So, Harry, can you just talk to me for a –
I just get some advice from you about –
well, maybe advice that we can hand over to the government.
How can we solve the housing crisis in Australia?
We have a shortage of housing.
And if you wouldn't mind reflecting for a moment on immigration.
Both of us come from immigration environments, my family and your family,
and I'm the first person to say wonderful for immigration.
We love to give everybody a chance here in Australia.
But what would you say about those two issues, housing supply and immigration?

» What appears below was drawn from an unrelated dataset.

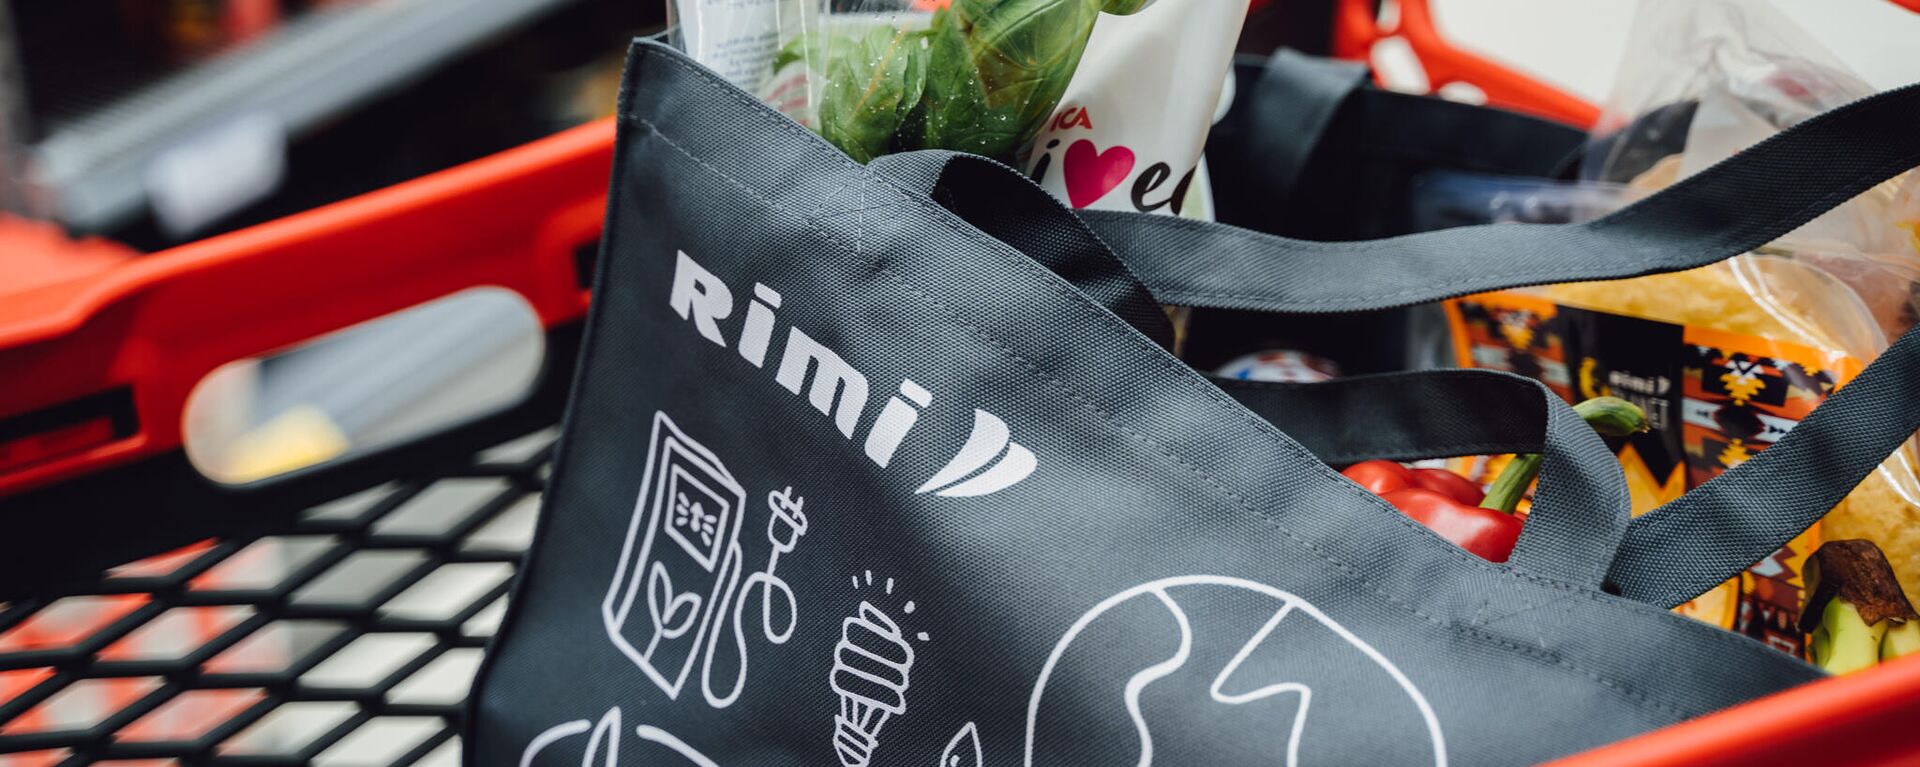 Логотип сети супермаркетов Rimi на продуктовой сумке, архивное фото - Sputnik Литва, 1920, 18.11.2021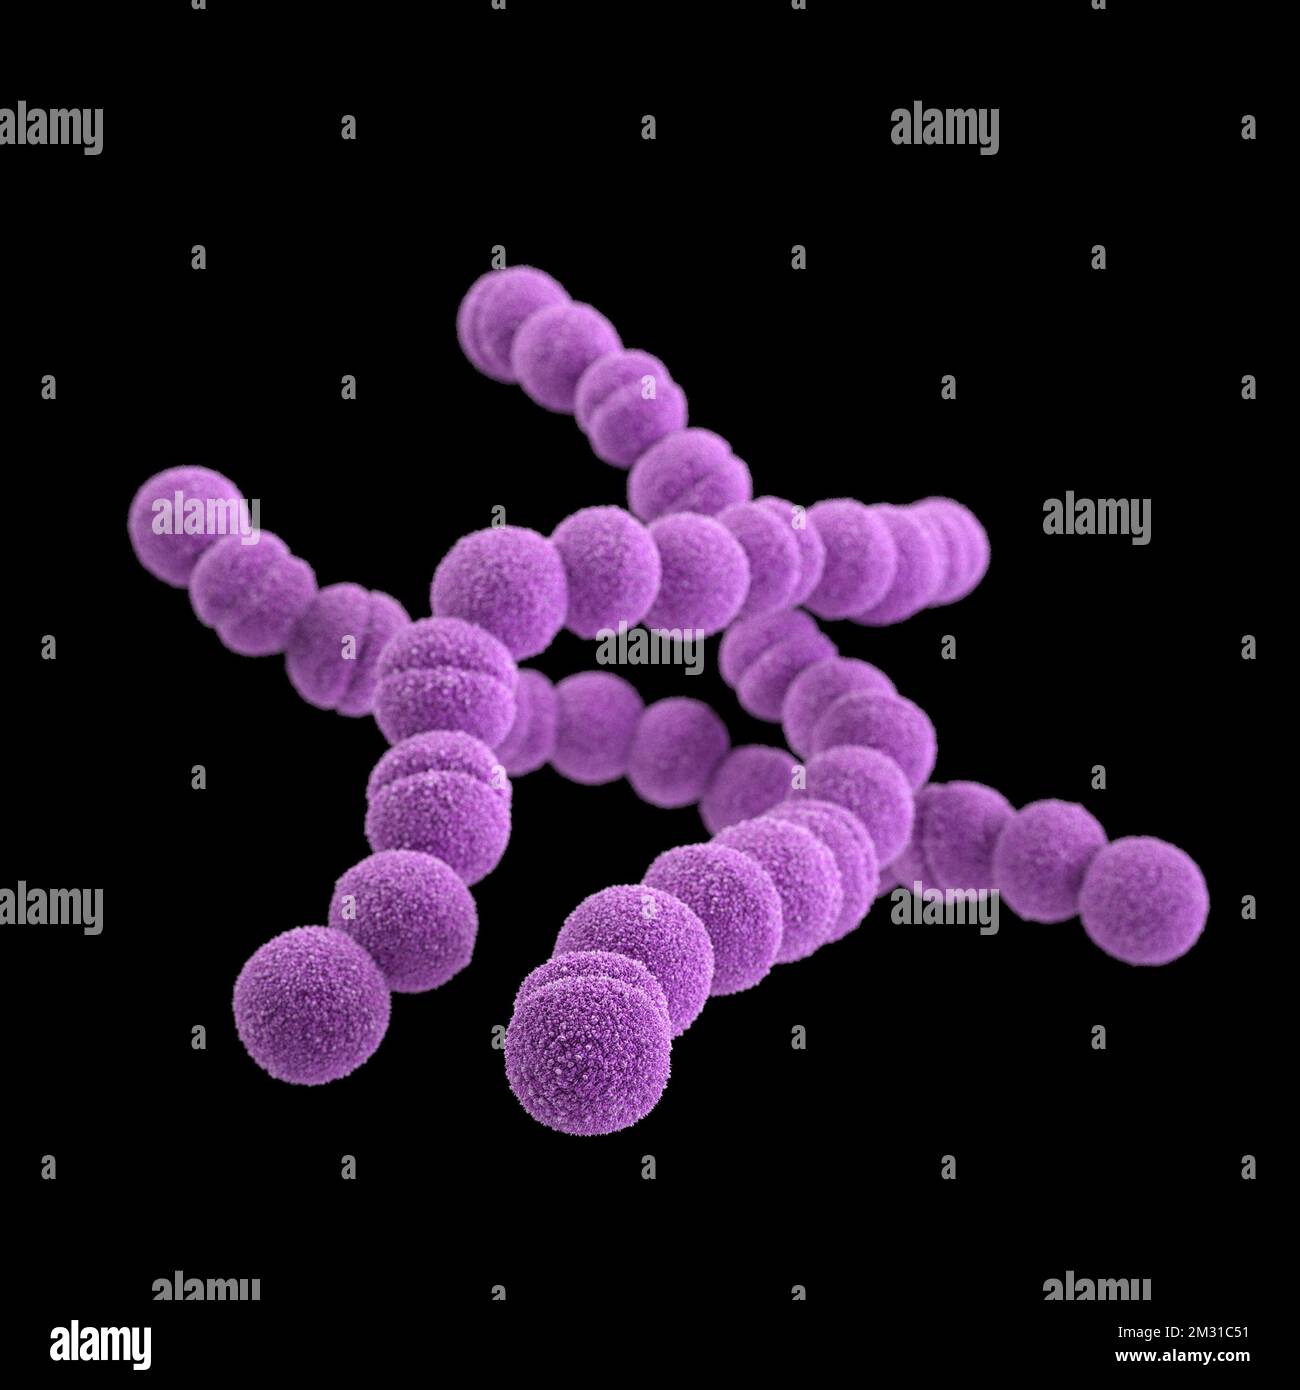 Batteri streptococchi del gruppo A. STREP A Streptococcus pyogenes è una specie di batterio gram-positivo, aerotolerante, appartenente al genere Streptococcus. Questi batteri sono extracellulari, e costituiti da cocci non motili e non spori che tendono a legarsi in catene. Questa illustrazione raffigurava un'immagine 3D, generata dal computer, di un gruppo di batteri Gram-positivi, Streptococcus pyogenes (Streptococcus gruppo A). La visualizzazione era basata su immagini al microscopio elettronico a scansione (SEM). Versione ottimizzata di un'immagine prodotta dai Centri statunitensi per il controllo e la prevenzione delle malattie / Credit CDC /J.Oosthuizen Foto Stock

See, you get Albanese and he says,
I want over a million houses.
1.2 he said.
In five years.
But that's where he stops.
How is he going to do it?
It's not a matter of stamping a plan.
That's only the first stage.
Now, you take the buildings I build now,
they take five years, ten years, because they're huge.
And there's many stages.
So, you can't –
you have to work out how am I going to do it.
Because –
there's a lot of people that want to buy.
That's no problem.
They have to buy.
There's nowhere to live.
So, it's very easy.
But for instance, I'll give an example.
I went into housing where it was prefabricated houses.
I did – no, it was very good business.
But then I made more money on units.
So, I stopped doing it.
So, I said, well, why don't we go now in prefabricated house?
Oh, they say the banks don't give money.
To the buyer.
To the buyer.
So, here's now – see, it's not only the councils that are at fault.
I say the banks are more at fault.
APRA, more at fault.
The regulator.
See, I made mobile homes.
That's the word I was looking for.
Now.
Mobile homes is what I did.
I bought a caravan park.
And I saw these very dilapidated caravans coming to sleep the night.
I said, that's not the way to do it.
I will put mobile homes.
And those people lived there like in the flats.
They lived for many years.
They were very happy there.
But then I stopped.
And now they won't give the money.
For instance, it would help a lot.
And they – I don't know.
They don't look at ways to assist.
They have their rules now.
The problem with rules is they were made a long time ago.
Probably they were clever once upon a time.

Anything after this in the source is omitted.